1Centre for Theoretical and Computational Molecular Science, Australian Institute for Bioengineering and Nanotechnology, The University of Queensland, Brisbane, Queensland 4072, Australia.
2
School of Chemistry and Molecular Biosciences, The University of Queensland, Brisbane, Queensland 4072, Australia.

 

A single-atom catalyst (SAC) refers to an isolated single metal atom, stabilized in a solid substrate, which functions as an active centre for heterogeneous catalysis.  The main advantage of using these catalysts is that they reduce the amount of expensive, rare metals required. Paired SAC refers to the combined effect of two single atoms adjacent to each other.

It is widely known that the best electrochemical catalyst for the oxygen reduction reaction (ORR) is Pt. In collaboration with Yao’s experimental group,2 we have shown that the Co and Pt paired SAC outperforms the Pt metal catalyst for the ORR. In experimental studies, the distribution of metal distances and the chemical environment were determined for high performance paired SACs. Based on this information, model structures were constructed and density functional theory (DFT) calculations carried out on these systems. Nitrogen doped graphene with different sized vacancies were used to vary the metal-metal distances of the Co and Pt atoms. The free energies of intermediate species of the OOR were calculated to determine the likely mechanism of the reaction on these systems. Further, to compare the results to the experiments, the overpotentials were determined from the difference in voltage for the reaction to occur experientially and the thermodynamically expected value.
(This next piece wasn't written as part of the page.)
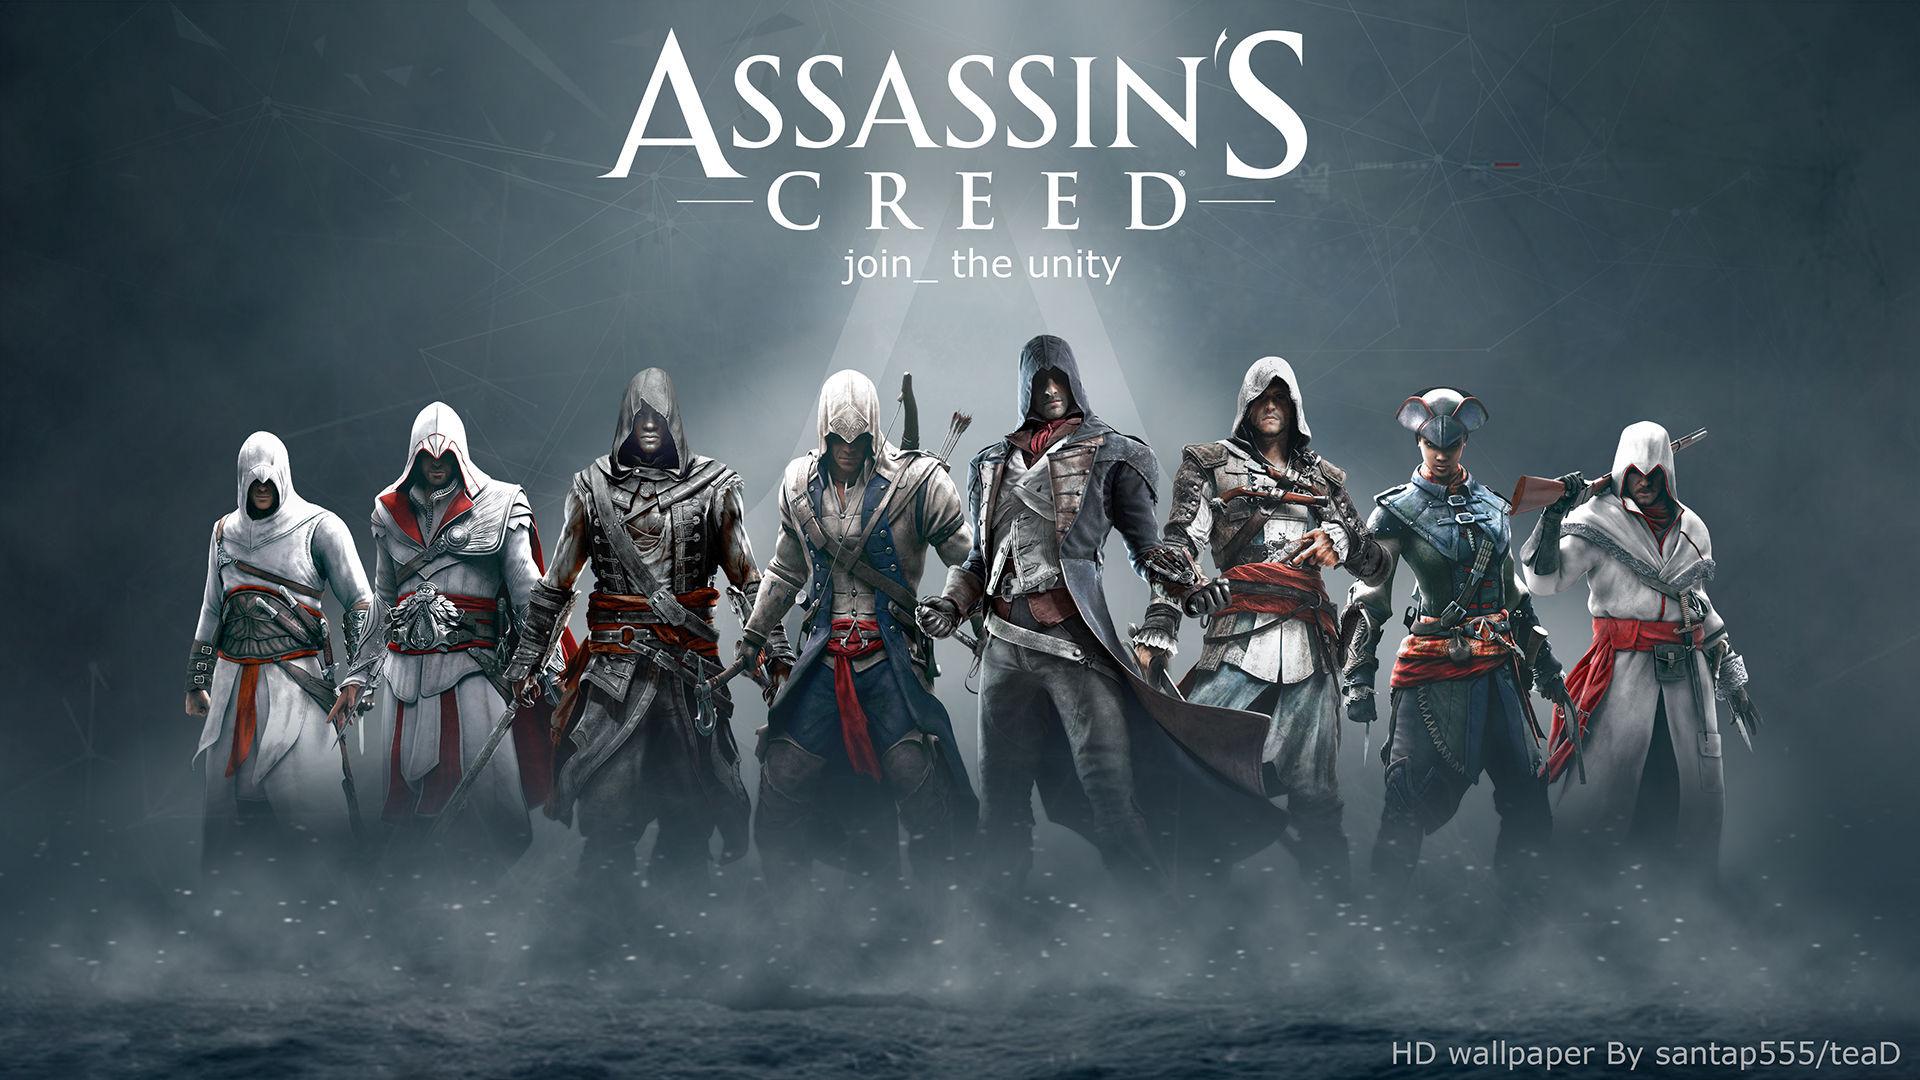 ¿Quién de los siguientes personajes es el protagonista del videojuego Assassin's Creed II?

Both calculations and experiments show that enhancement of the ORR can be obtained with a lower overpotential using a combined CoPt system rather than a Pt paired SAC.

 

1 Yang, X. F., Wang, A., Qiao, B., Li, J. , Liu, J. and Zhang, T. Acc. Chem. Res. 2013, 46 (8), 1740-1748. Single-atom catalysts: a new frontier in heterogeneous catalysis.
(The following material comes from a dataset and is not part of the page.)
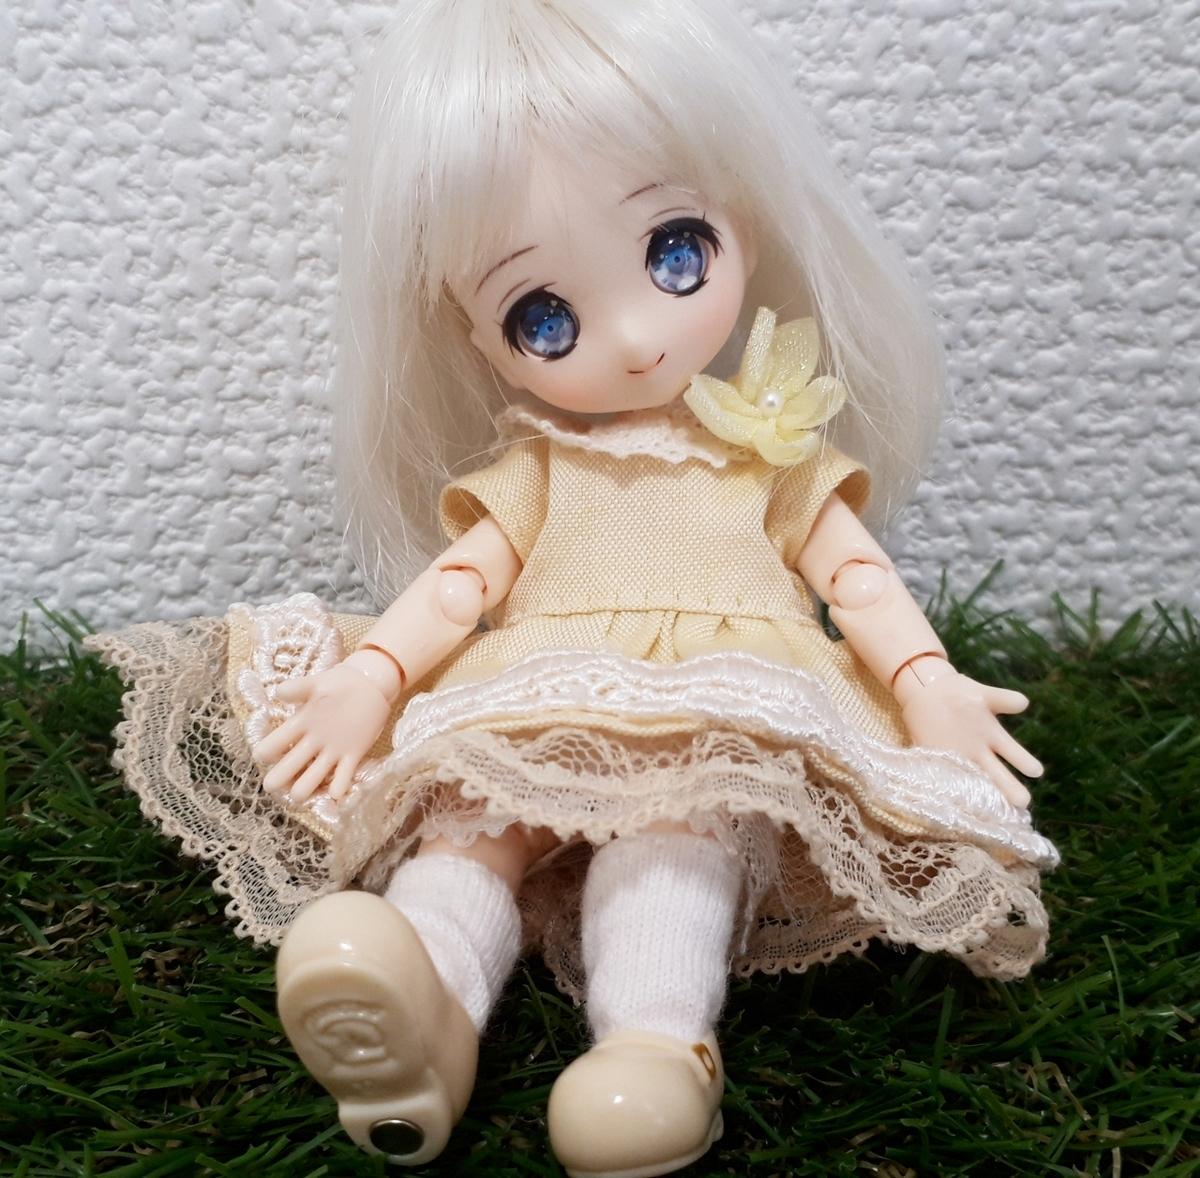 f:id:misami-33:20200605175306j:plain

2 Zhang, L., Fischer, J. M. T. A., Jia, Y., Yan, X., Xu, W., Wang, X., Chen, J., Hankel, M., Searles, D. J., Feng S. and Yao X. manuscript in preparation.

Biographic Details

Name: Julia Melisande Fischer

Affiliation: Australian Institute for Bioengineering and Nanotechnology, The University of Queensland, Brisbane, Queensland 4072, Australia.

E-mail: jmta.fischer@uq.net.au

Research interests: Surface catalysis, density functional theory, nanomaterials, carbon dioxide reduction, hydrogen evolution reaction, two dimensional material, graphene

 

Julia Melisande Fischer received both her Bachelor and Master degree in chemistry at the University of Ulm in Germany. Currently she is completing her PhD in the Australian Institute for Bioengineering and Nanotechnology at the University of Queensland and holds an International Postgraduate Research Scholarship.